Despite this, the F&B (food and beverage) options suck. I was warned of this by a friend earlier. I was lucky that the UA Club had enough grub to sustain me until the flight, but I was disappointed by what was available.
At the gate area, I observed the ANA 787 in all her beauty. Sadly, this was the one picture I managed to capture. The gate alignment was truly terrible for capturing plane pornography.
Slowly, the area began to fill up. The mix of passengers seemed to break down between foreign expats living in the States, but there were a decent number of Japanese citizens as well. Note the guy on the side practicing martial arts.
I wandered around, taking pictures and such. At Seattle’s best coffee, I had a chat with a Korean Air pilot, originally from Australia, who used to work for Emirates.

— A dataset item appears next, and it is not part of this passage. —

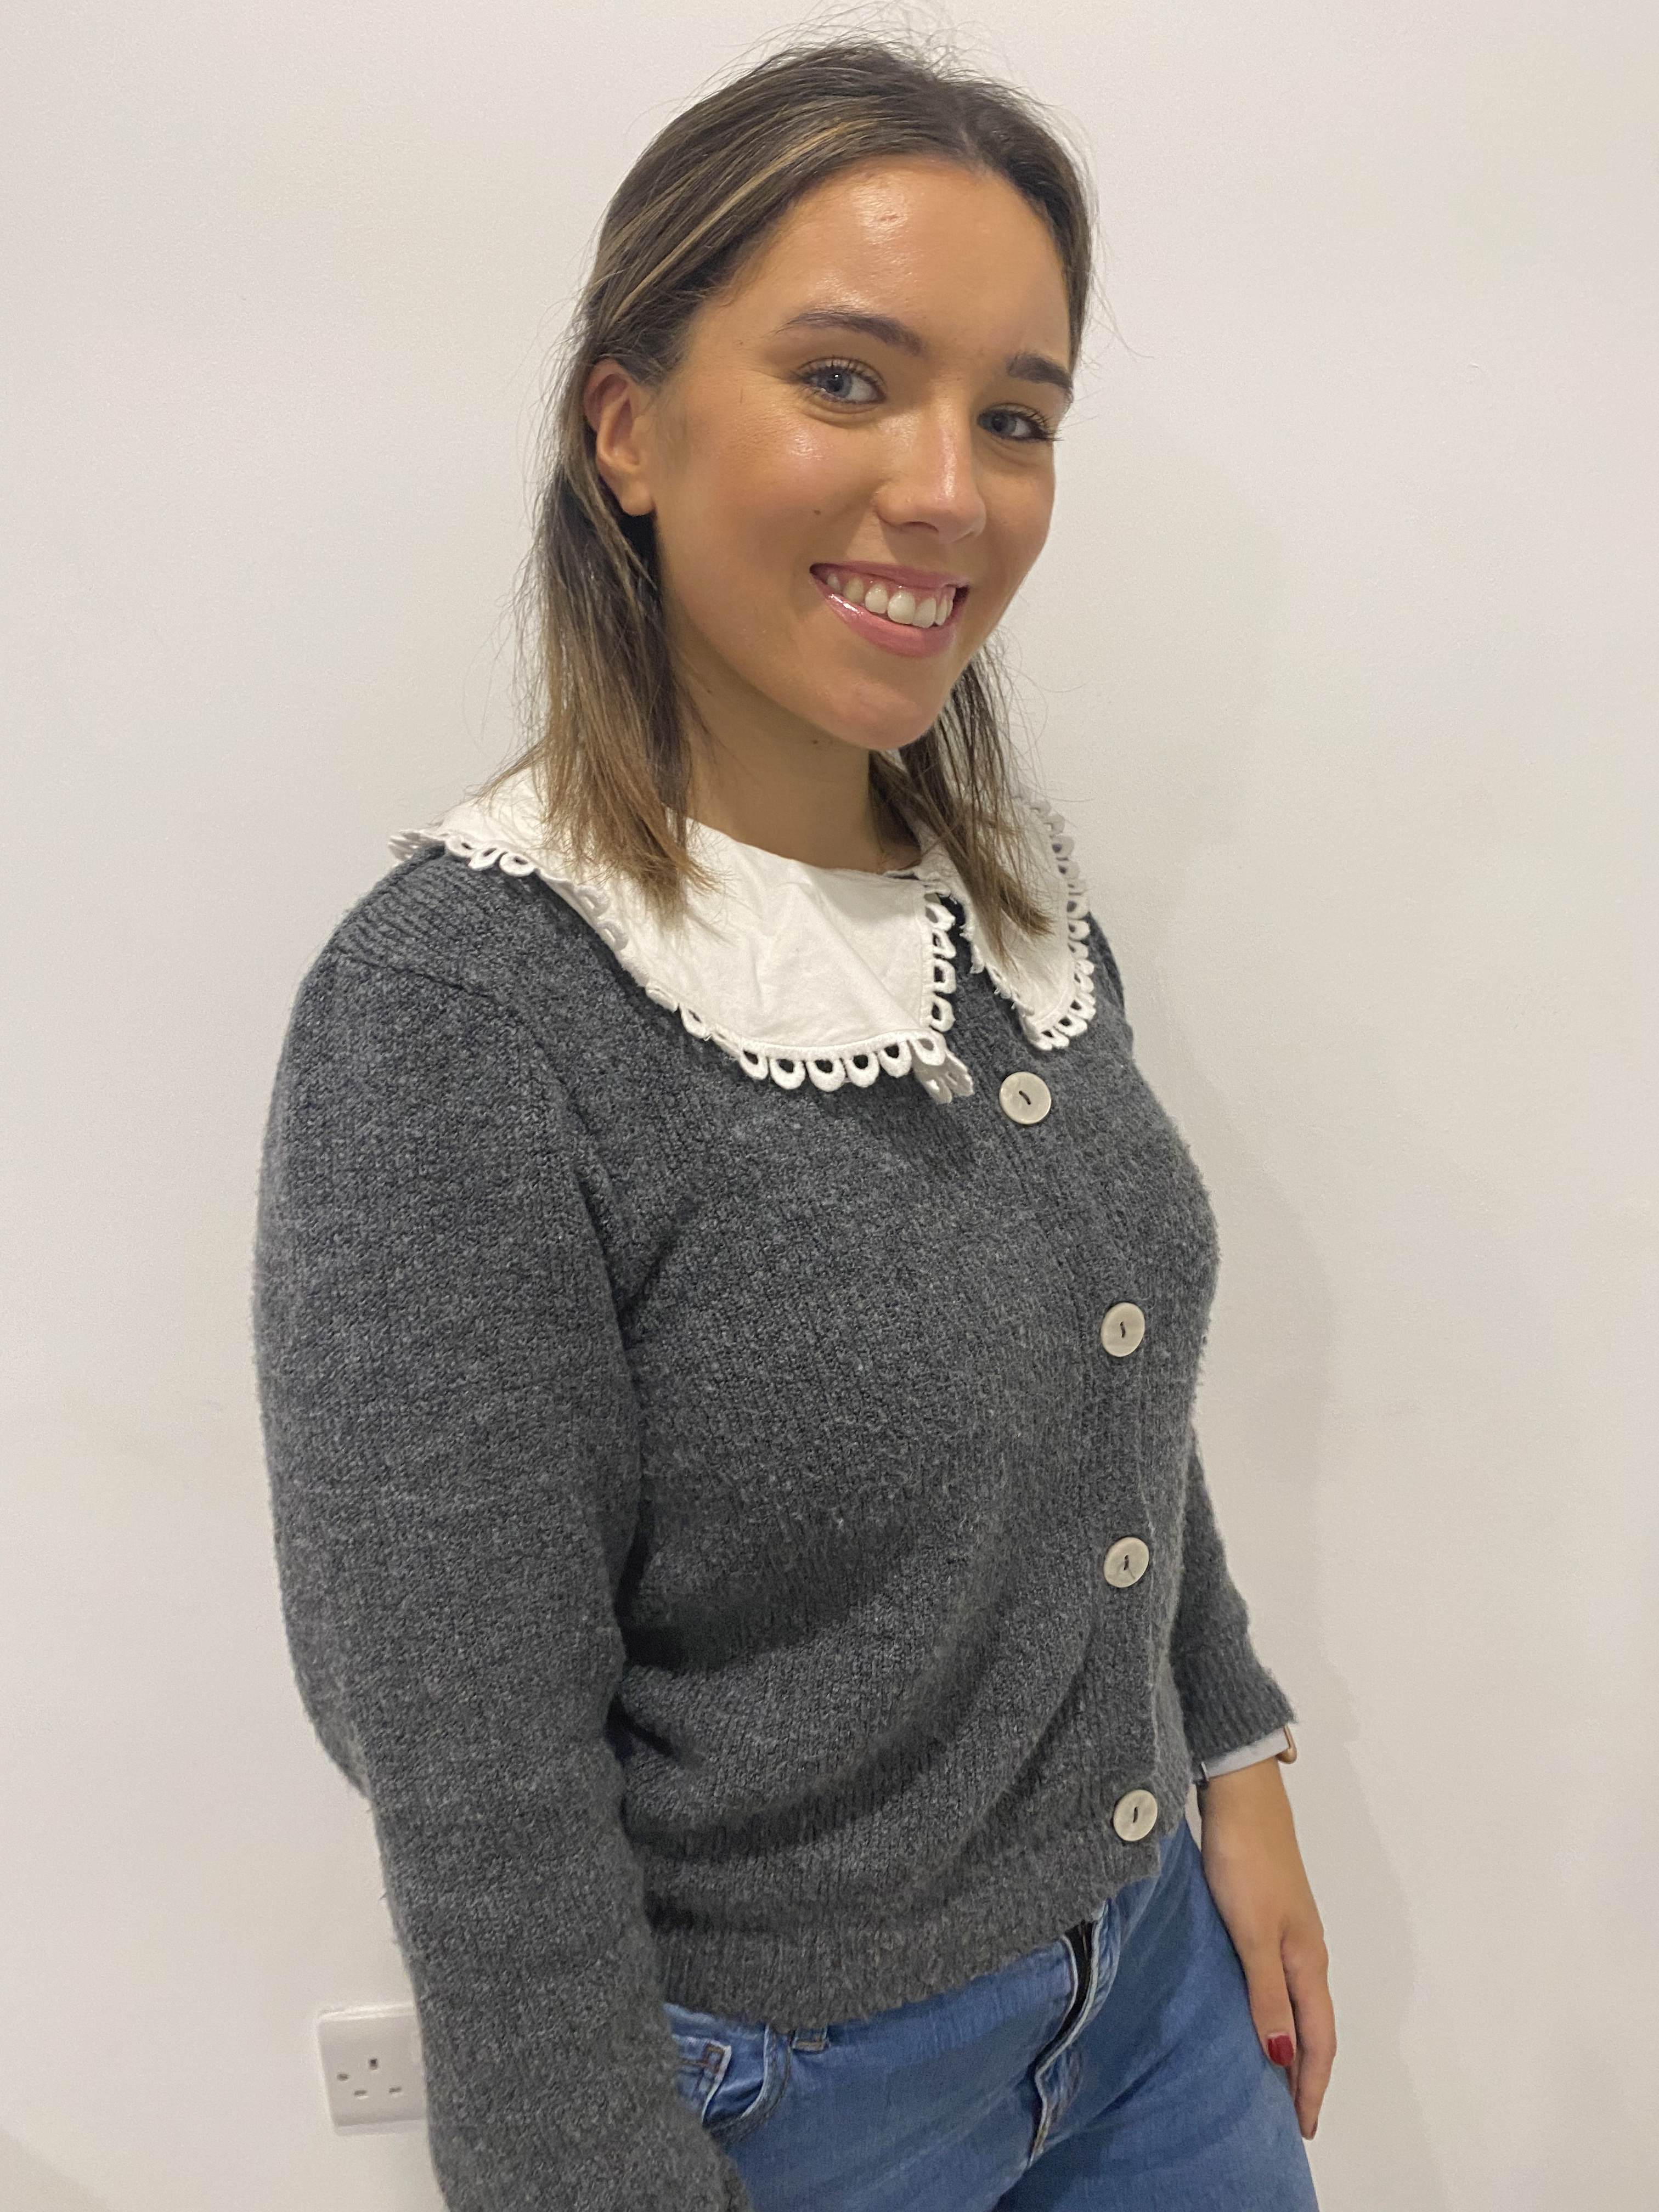 The image shows Amy Sweeney, a family support worker with Enable Ireland, standing and smiling. Amy is dressed in a grey cardigan with blue jeans. 
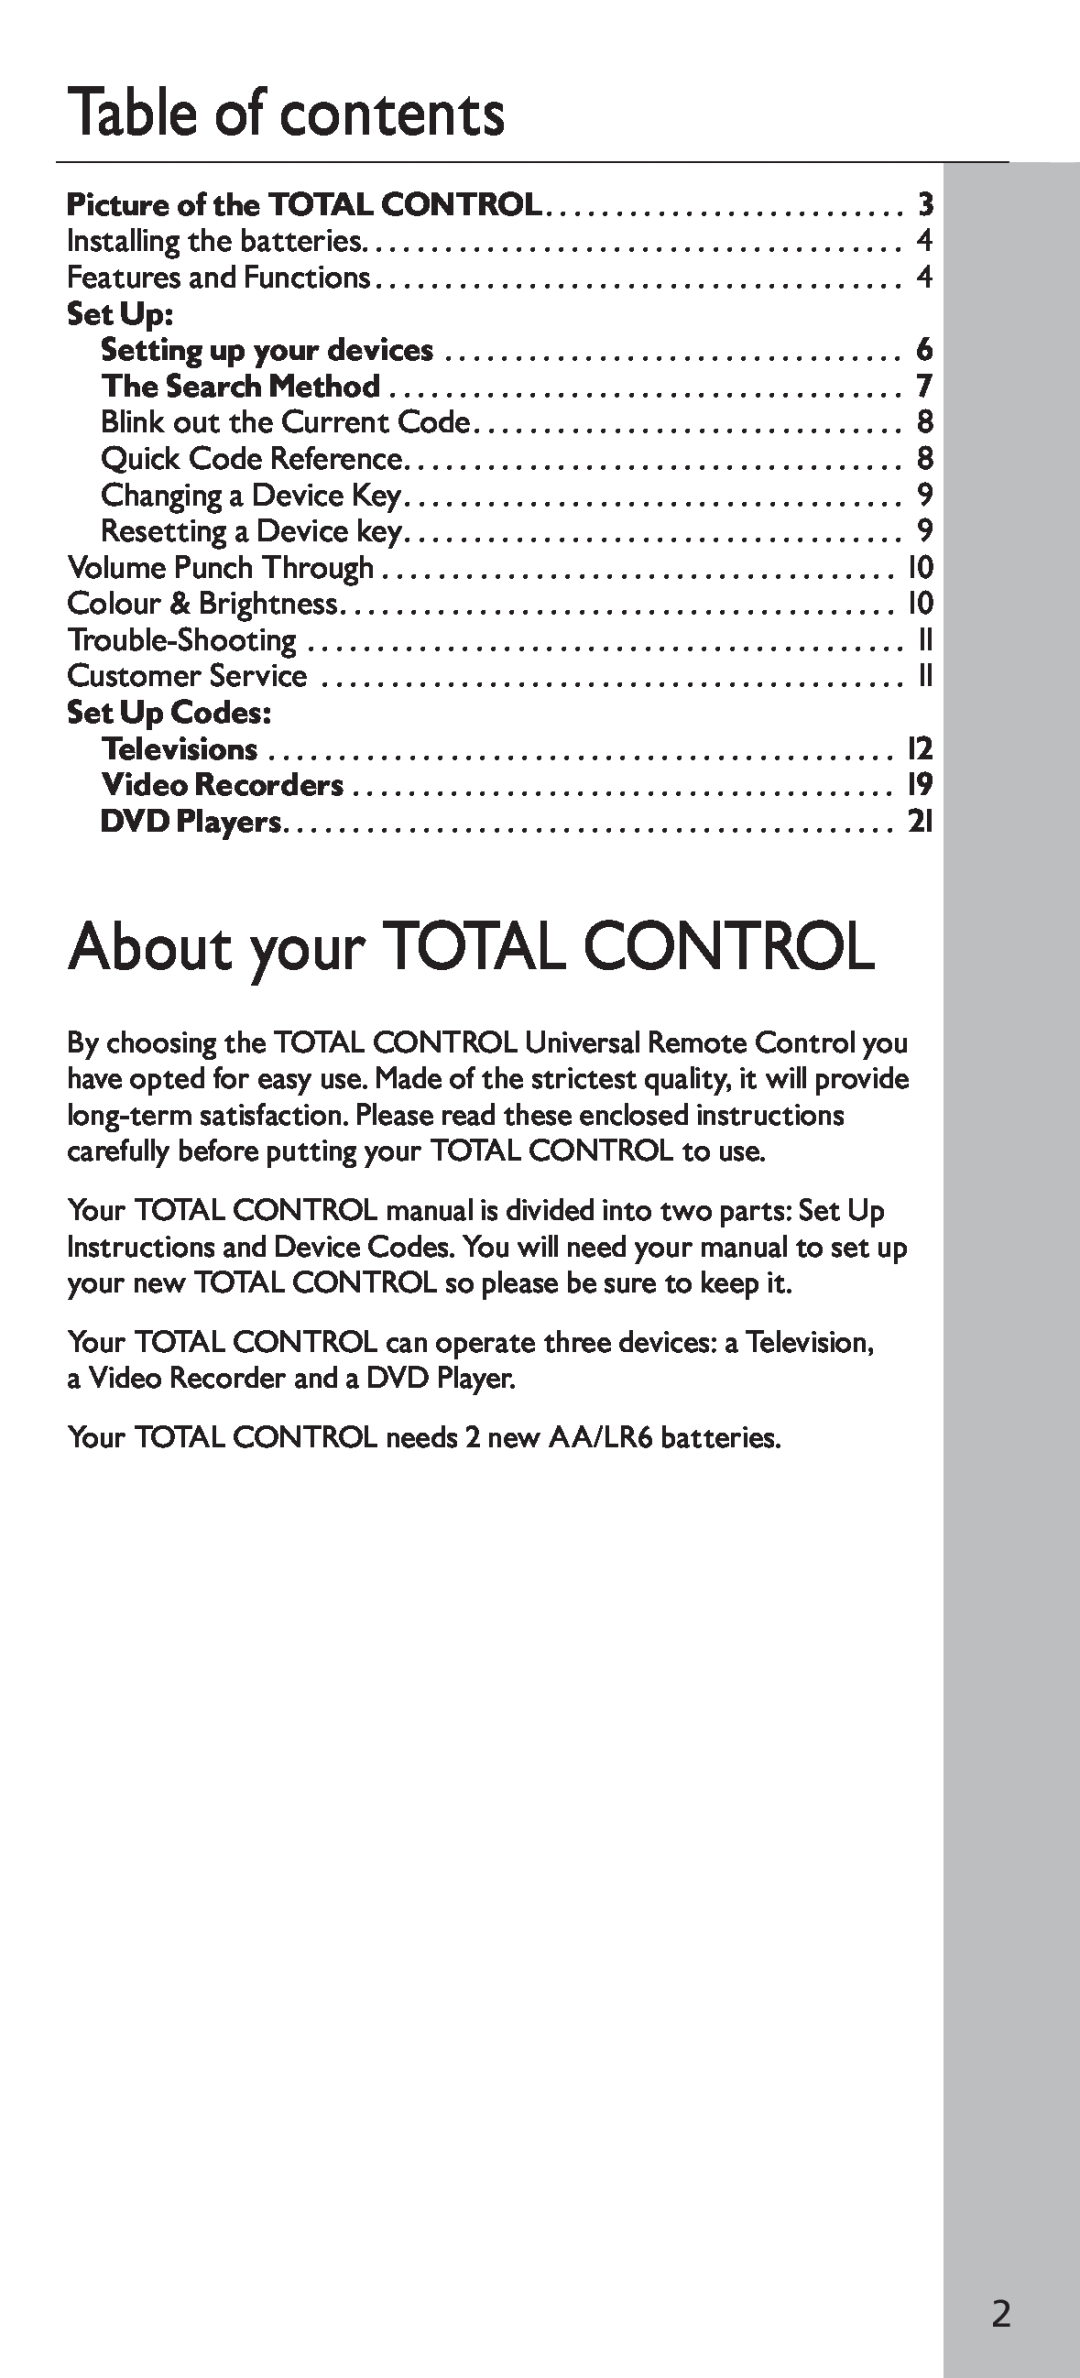 Universal Electronics URC - 4130 instruction manual Table of contents, About your TOTAL CONTROL, Set Up Codes

What a crazy world we live in!
Boarding happened fairly quickly. True to the style used by international airlines (intentionally singling out US-based ones as an exception) the entire boarding environment felt very professional. There were uniformed people stationed to help with passenger flows, handle passengers with Special Service Requests, etc. The foreign carriers know how to do it right!